Should we look upon all Muslims with suspicion, hold them at arm’s length?  No.  But in any case, holding them at arm’s length would be redundant in that the Muslims in Australia tend mostly to keep to themselves.  And that’s unfortunate.
          I’ve had a few close associations with a few Muslims since 9-11.  When they complained to me about Muslims and Islam being largely mis-understood by their neighbours, I told them as gently as I could that to stop playing the victim.  Stop denying that in Islam there is a hatred of the West even whilst enjoying its freedom and prosperity.  Muslims might encourage one another to forge close associations with their non-Muslim neighbours.  And ask for help in learning the ways of the host society.  And be ready and willing to condemn elements in Islam which commit atrocities.  During the Martin Place siege I thought about how powerful it might have been if Muslims had spontaneously gathered on the street outside the Lindt Café – or as close as the police would have allowed them – holding signs saying “Not in My Name.”  There are Muslims who speak out.  But there are not enough.  And sometimes, too often, they sound less than unequivocal.
          Yes, that’s a big responsibility to ask of everyday Muslims.  Not everybody is up to it.  But think of what a powerful witness it would be.  And think of the confidence it would help foster, iff it were combined with more conversations and interactions with their non-Muslim neighbours.
          What a gesture it would be if we, as a group, would reach out in friendship to a Muslim congregation in our city.  I hesitate to ask us to, only because our group is small and lacks self-confidence at this point.  But imagine how powerful it would be!  I can tell you that just ‘up the road’ from us, in Toowoomba, there is a lot of reaching out across religious lines, and it serves that city well.  How much better a place the Gold Coast would be if it were happening here as well.

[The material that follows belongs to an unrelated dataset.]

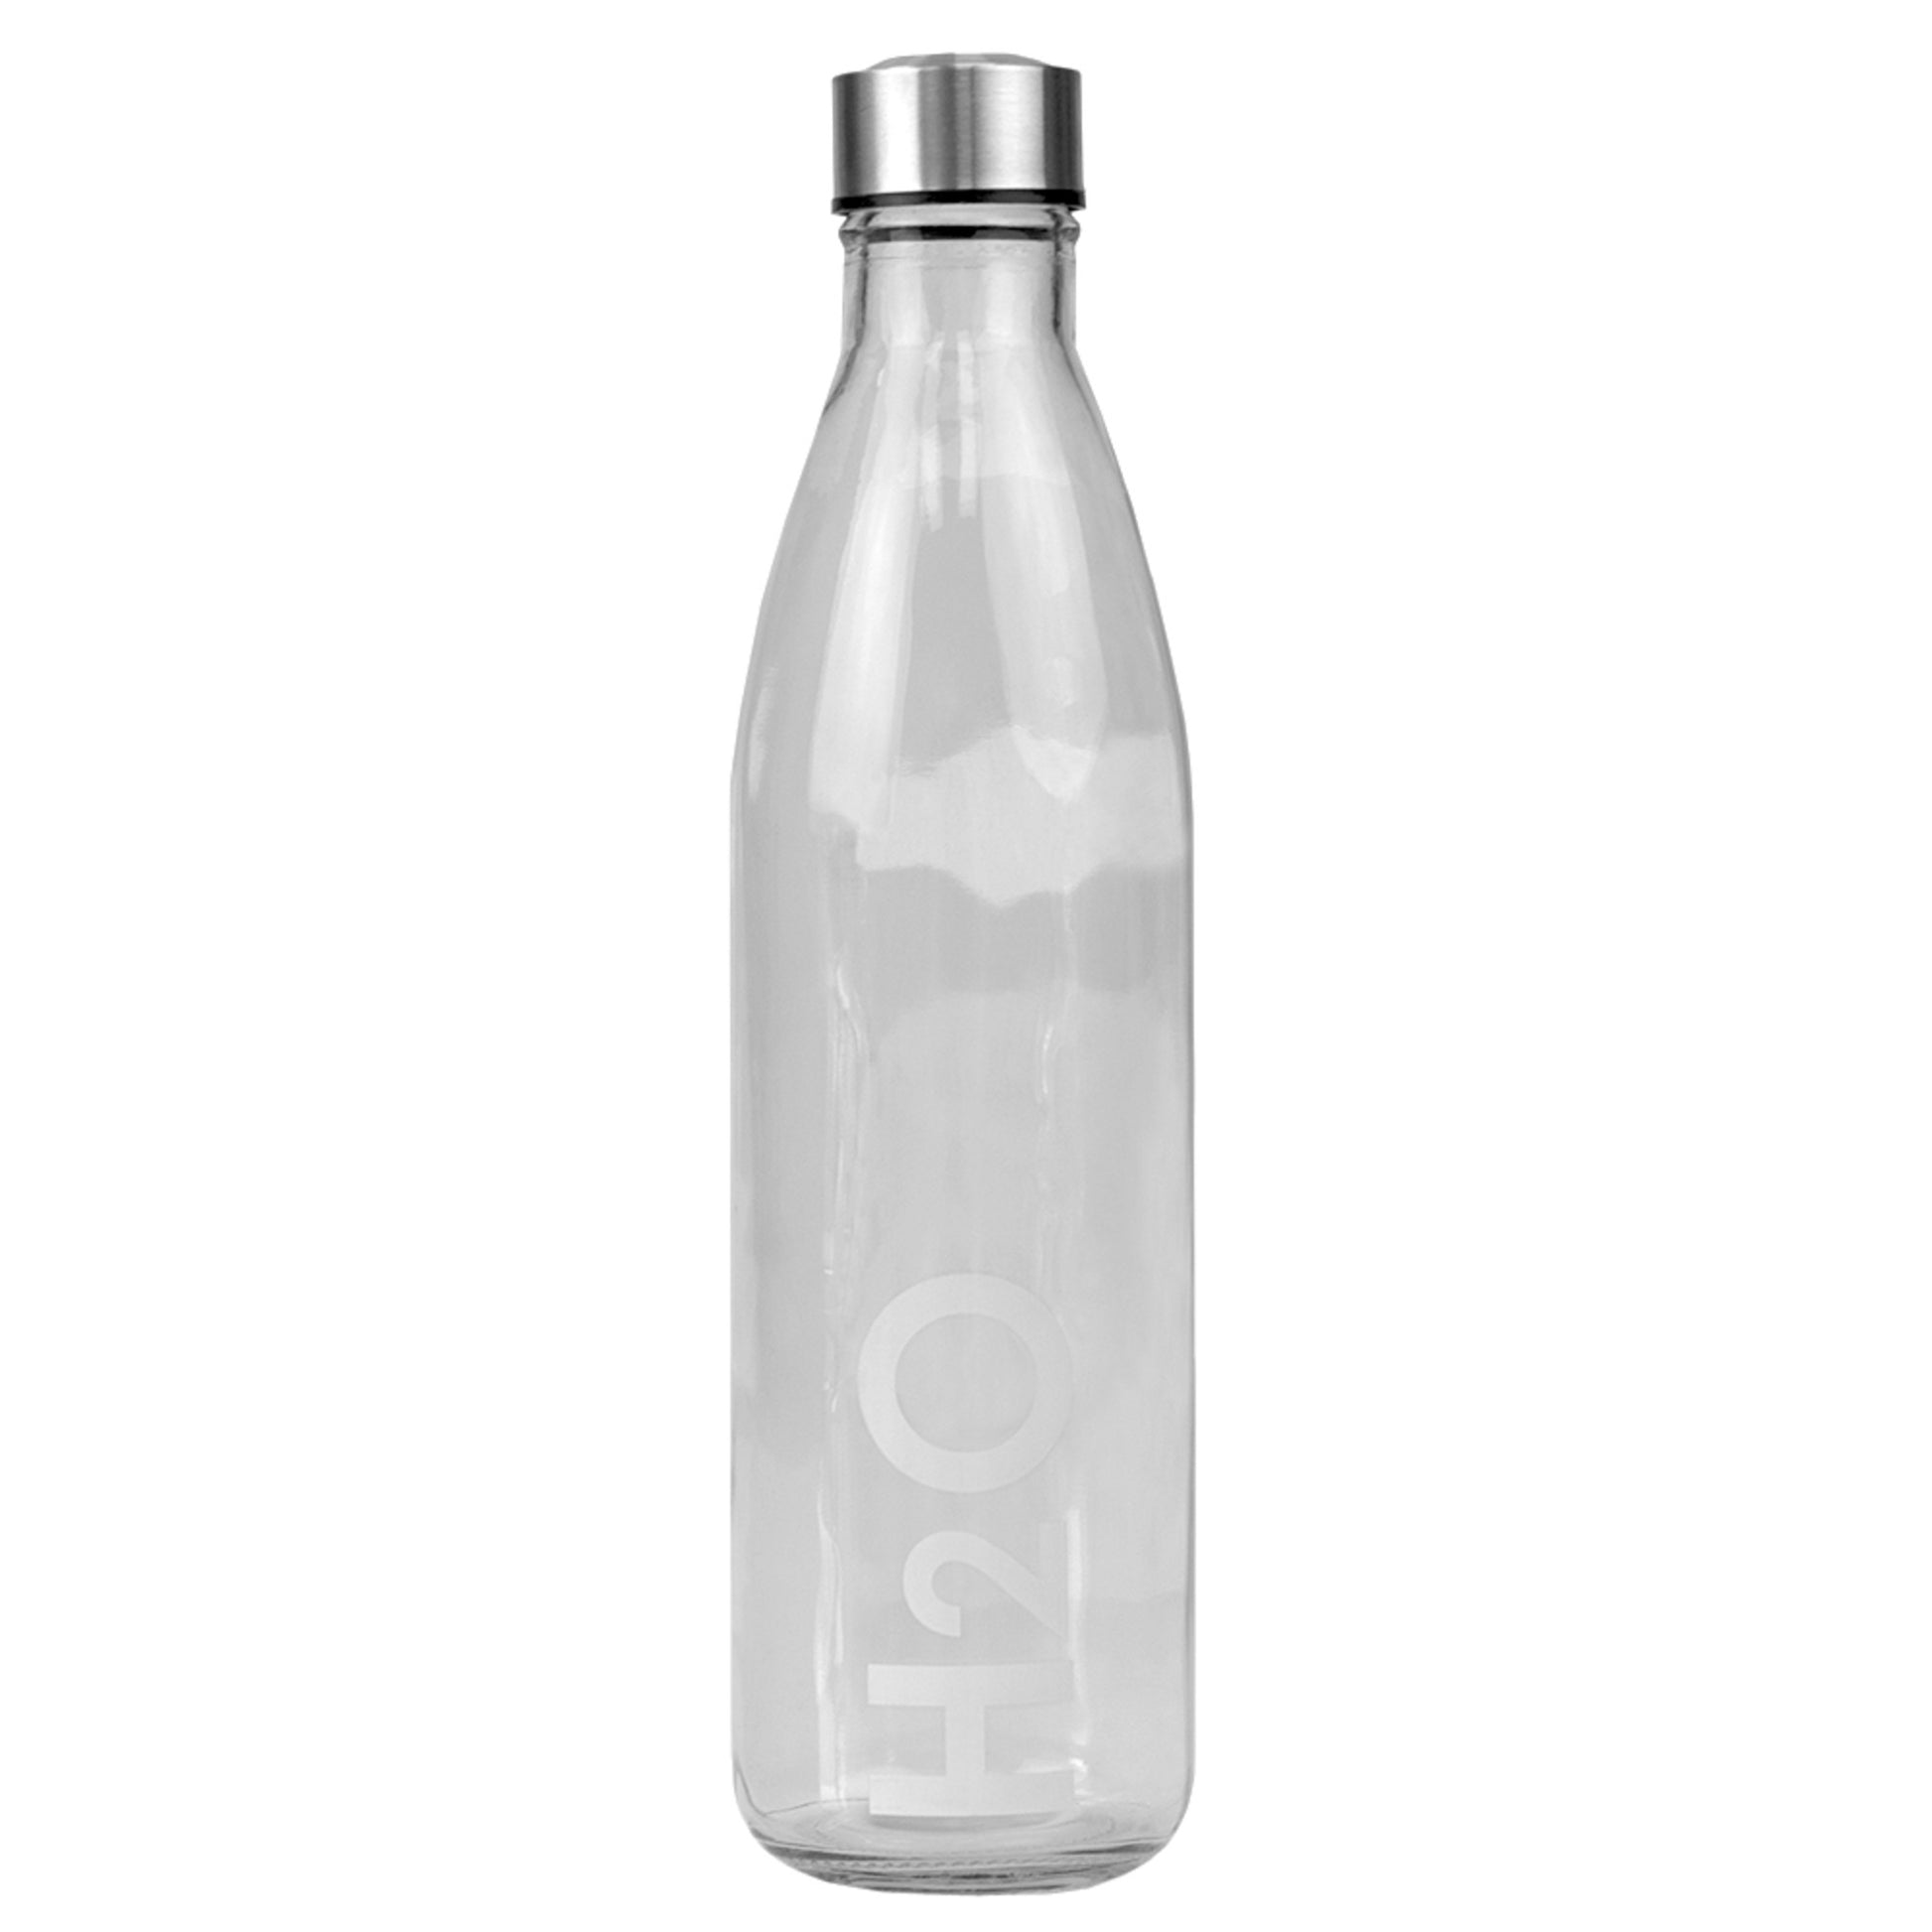 Home-it 16oz. Glass Water Bottle

          Last week, in the wake of the death and destruction visited upon their city, Parisians began appearing in public loudly proclaiming, and wearing buttons, saying “Je suis Charlie”; I am Charlie.  The cry was taken up outside France, notably among certain Hollywood personalities.  At a mass rally in Paris on Sunday, the buttons were very much in evidence.  It would have been nice see a significant contingent of Muslims at the rally, wearing the buttons.  There were too few.  It would have been nice to also see buttons proclaiming, “Je Suis Hyper-cacher.”  The attack on Charlie Hebdo, reveals the intolerance of much of the Muslim world.  The attack on Hyper-cacher reveals its anti-Semitism.  An opportunity to proclaim a different course, was lost.  Shabbat shalom.